Assessing clinical relevance
The linchpin of this whole fit-for-purpose process is the purpose. In clinical applications, the most accurate measurement using the most repeatable task is useless if it doesn’t provide information about the disease of interest.
A fit-for-purpose speech feature in clinical speech analytics should measure something that is known to be impacted by the disease, and should change with the disease while remaining fairly stable from day to day. To give a concrete example, let’s compare two speech features that could be used to track progression of amyotrophic lateral sclerosis (ALS): speaking rate and the Hammarberg Index. Speaking rate is a measurement of how quickly a person is speaking. The Hammarberg Index quantifies the loudness difference between high and low frequencies in the speech recording.
Speaking rate is a fit-for-purpose speech feature because the etiology of ALS gives us reason to believe that speaking rate should slow as bulbar symptoms secondary to ALS progress, and scientific literature supports this. We also know, from our own data collection in ALS, that speaking rate derived from read sentences has a reliability of 0.97 (on a scale from 0 to 1). This tells us that speaking rate is clinically relevant to ALS, and that the way we are measuring speaking rate is stable from day to day in the absence of disease progression.
On the other hand, the neuroscience of ALS does not make any predictions about whether or how the Hammarberg Index should change as the disease progresses.

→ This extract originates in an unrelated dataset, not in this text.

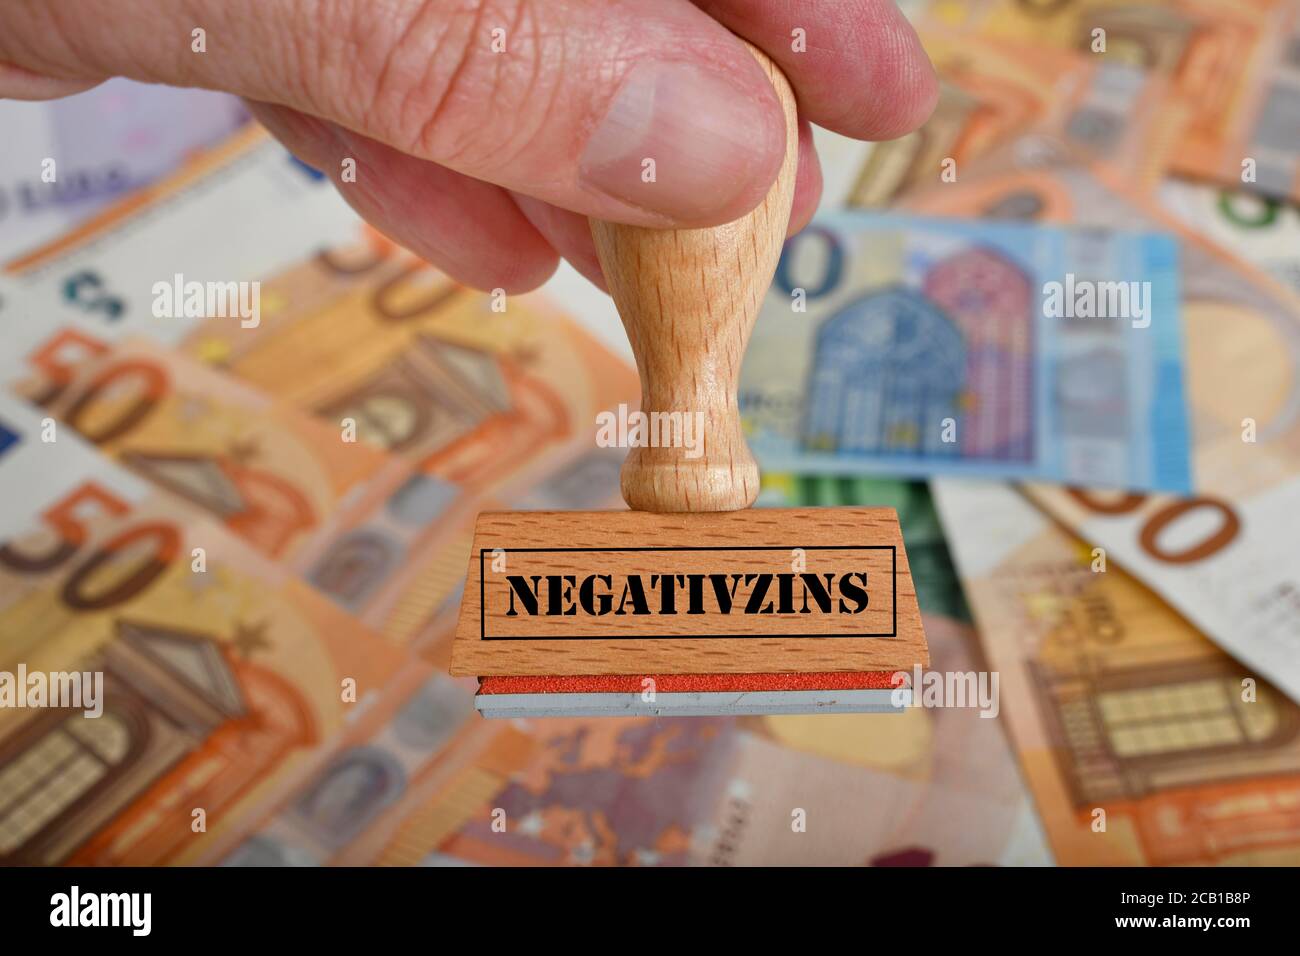 PHOTOMONTAGE, image symbole intérêt négatif, timbre avec inscription INTÉRÊT NÉGATIF, sur les billets EN EUROS, Allemagne Banque D'Images

Furthermore, the Hammarberg Index, when extracted from the same set of read sentences, has a reliability of 0.63, which means that your Hammarberg Index can change from one day to the next for many reasons other than disease progression.
A path forward
The path to better speech endpoints isn’t easy, but the process is straightforward.
To choose what to measure, look to the disease’s etiology. If you are measuring Parkinson’s disease, talk to a neurologist or a speech language pathologist who works with dysarthria or review the decades of literature on the topic; then select a “short list” of features that are connected directly to the disease. This lets you reduce the number of features that you measure and check that the results make clinical sense. We like to call this hypothesis-driven feature selection.
To choose how to measure it, select a constrained task, and dial the cognitive load to the right level for the clinical population (take a look at our task graphic — cognitive load is on the y-axis, from low to high).
Finally, check your work! Take a few repeated measurements from the clinical group and some healthy controls. Make sure that the features correlate well with the aspect of the disease you’re trying to measure, and make sure that the features are repeatable.
Proponents of AI for clinical speech applications take a different approach. Rather than relying on a small number of clinical features, they use supervised learning on hundreds or thousands of features to develop predictive models that classify patients by disease or predict disease severity. At face value, this is appealing because the approach takes the clinician out of the loop and simply lets the data do the talking. But these models do not generalize well to new datasets. The reason, as we highlight in our Digital Biomarkers paper, is that variability in these high-dimensional feature sets combined with small sample sizes results in overfitting. To responsibly make use of data-driven approaches, the clinical speech community must develop more robust clinically-relevant features. These features and large clinical speech corpora will eventually have a profound impact on the field. But we are not yet ready to rely strictly on data-driven supervised learning models.
By working together as a community to validate our endpoints, we can do our part to head off the replication crisis that plagues not only clinical speech science, but the behavioral sciences more broadly.